<<<<

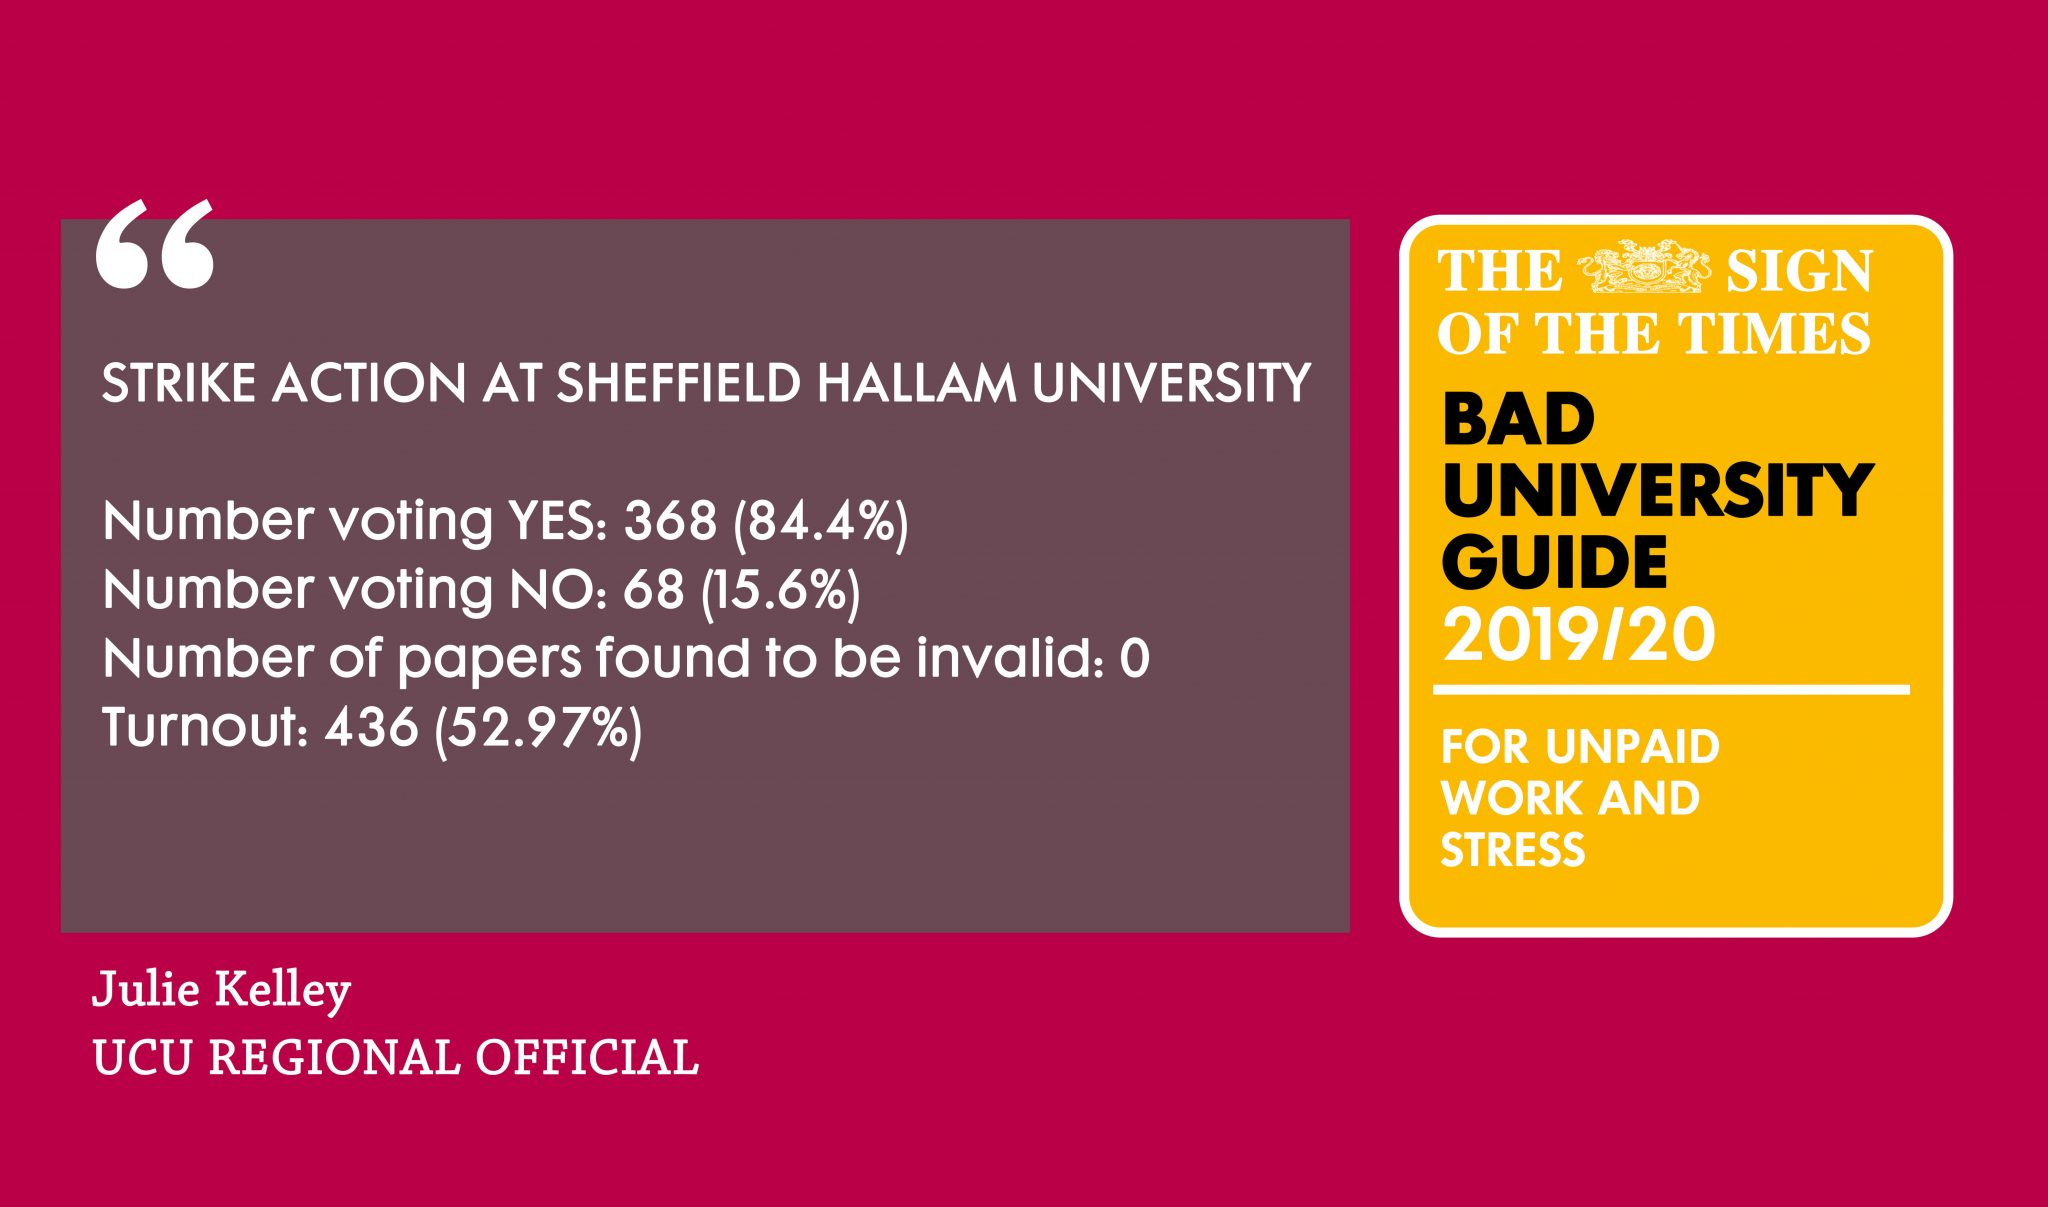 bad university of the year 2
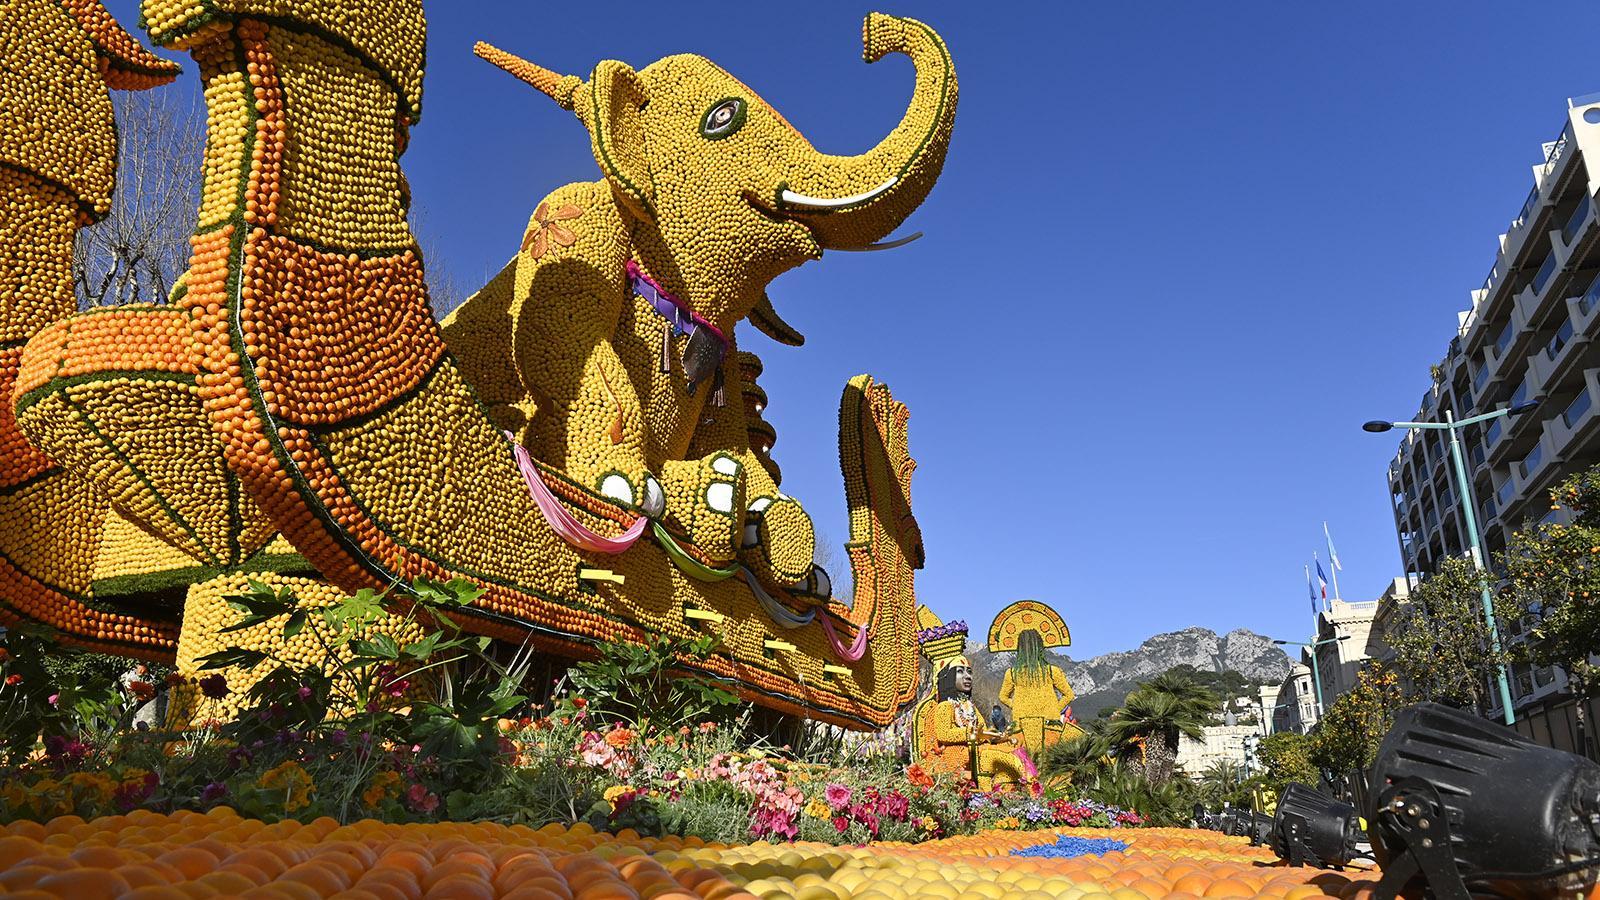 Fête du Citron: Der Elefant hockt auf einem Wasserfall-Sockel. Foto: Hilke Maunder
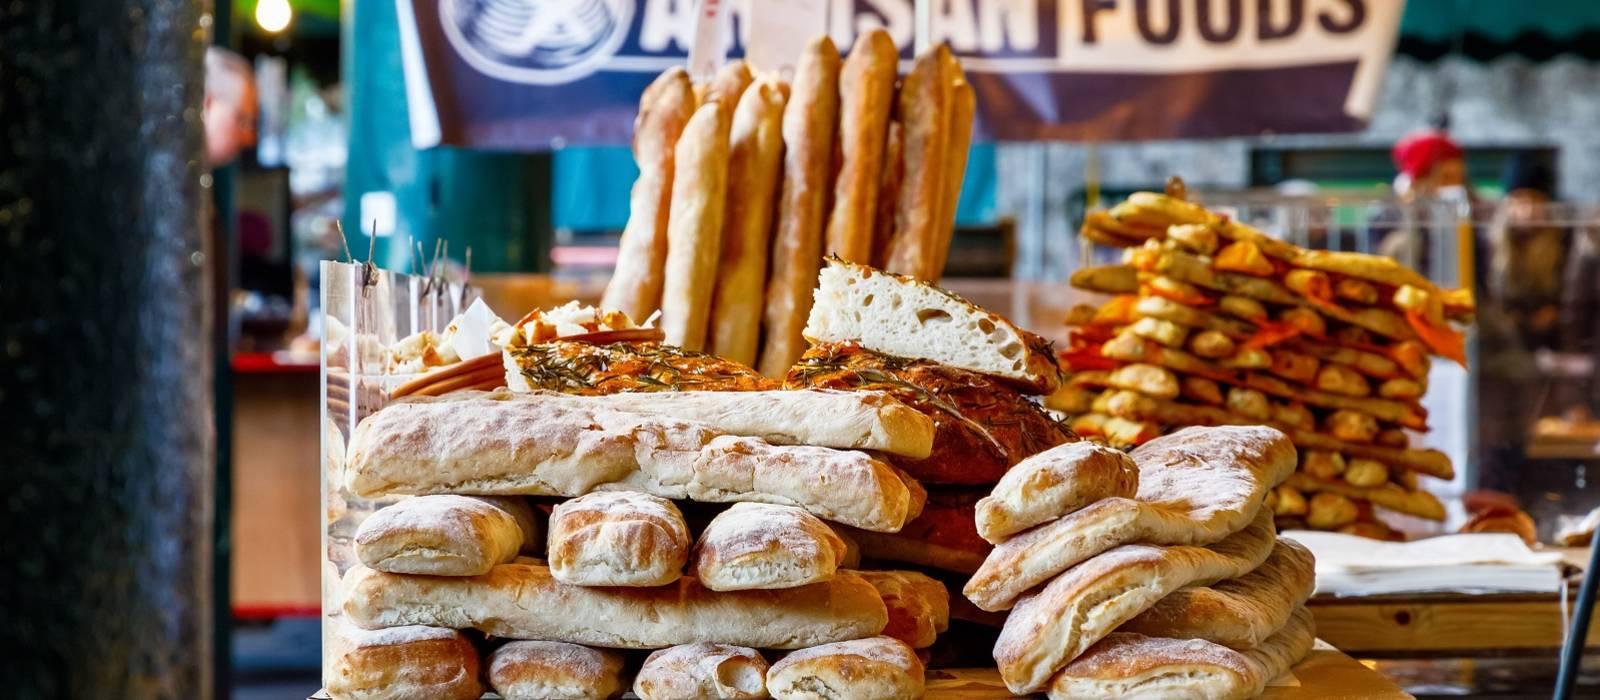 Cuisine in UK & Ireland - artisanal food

>>>>

» **Aim of the task**:
Output the material word for word, omitting its pictures.

» **Answer box**:
 bad university of the year 2
 Fête du Citron: Der Elefant hockt auf einem Wasserfall-Sockel. Foto: Hilke Maunder
 Cuisine in UK & Ireland - artisanal food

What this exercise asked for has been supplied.